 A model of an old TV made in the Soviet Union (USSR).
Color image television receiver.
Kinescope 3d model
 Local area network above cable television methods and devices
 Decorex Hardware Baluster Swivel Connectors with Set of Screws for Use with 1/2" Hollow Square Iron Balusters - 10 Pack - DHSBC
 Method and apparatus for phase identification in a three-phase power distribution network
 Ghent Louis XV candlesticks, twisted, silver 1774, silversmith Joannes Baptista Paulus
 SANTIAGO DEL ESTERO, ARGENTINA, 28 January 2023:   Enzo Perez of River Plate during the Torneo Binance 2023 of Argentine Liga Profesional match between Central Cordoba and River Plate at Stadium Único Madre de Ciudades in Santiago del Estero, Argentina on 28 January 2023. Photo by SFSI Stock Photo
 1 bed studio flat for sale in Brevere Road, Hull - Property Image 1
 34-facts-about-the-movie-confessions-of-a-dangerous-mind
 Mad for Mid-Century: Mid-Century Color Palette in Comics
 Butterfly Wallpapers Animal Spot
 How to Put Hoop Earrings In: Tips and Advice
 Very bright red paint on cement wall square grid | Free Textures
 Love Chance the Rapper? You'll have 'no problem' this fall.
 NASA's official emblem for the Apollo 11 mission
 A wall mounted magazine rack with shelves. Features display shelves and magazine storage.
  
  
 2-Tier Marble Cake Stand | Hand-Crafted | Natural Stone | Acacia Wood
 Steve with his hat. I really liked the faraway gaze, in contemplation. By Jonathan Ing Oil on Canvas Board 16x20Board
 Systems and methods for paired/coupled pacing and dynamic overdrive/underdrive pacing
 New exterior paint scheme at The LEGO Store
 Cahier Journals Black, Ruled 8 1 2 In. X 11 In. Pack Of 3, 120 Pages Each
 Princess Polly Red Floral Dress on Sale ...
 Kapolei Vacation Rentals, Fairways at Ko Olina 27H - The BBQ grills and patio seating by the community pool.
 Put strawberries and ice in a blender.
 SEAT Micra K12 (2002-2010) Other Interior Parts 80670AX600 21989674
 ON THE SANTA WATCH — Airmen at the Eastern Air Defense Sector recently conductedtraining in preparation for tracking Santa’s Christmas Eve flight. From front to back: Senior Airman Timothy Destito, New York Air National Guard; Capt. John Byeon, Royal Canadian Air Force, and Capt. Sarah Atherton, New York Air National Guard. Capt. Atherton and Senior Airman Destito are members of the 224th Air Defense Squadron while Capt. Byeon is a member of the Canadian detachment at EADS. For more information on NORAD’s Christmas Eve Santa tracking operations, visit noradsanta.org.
-------------------------
▶ _Task directions_
Set down each line from the line containing "Princess Polly Red Floral Dress on Sale ..." through the final line of the data, exactly and with nothing added.

▶ _Written solution_
 Princess Polly Red Floral Dress on Sale ...
 Kapolei Vacation Rentals, Fairways at Ko Olina 27H - The BBQ grills and patio seating by the community pool.
 Put strawberries and ice in a blender.
 SEAT Micra K12 (2002-2010) Other Interior Parts 80670AX600 21989674
 ON THE SANTA WATCH — Airmen at the Eastern Air Defense Sector recently conductedtraining in preparation for tracking Santa’s Christmas Eve flight. From front to back: Senior Airman Timothy Destito, New York Air National Guard; Capt. John Byeon, Royal Canadian Air Force, and Capt. Sarah Atherton, New York Air National Guard. Capt. Atherton and Senior Airman Destito are members of the 224th Air Defense Squadron while Capt. Byeon is a member of the Canadian detachment at EADS. For more information on NORAD’s Christmas Eve Santa tracking operations, visit noradsanta.org.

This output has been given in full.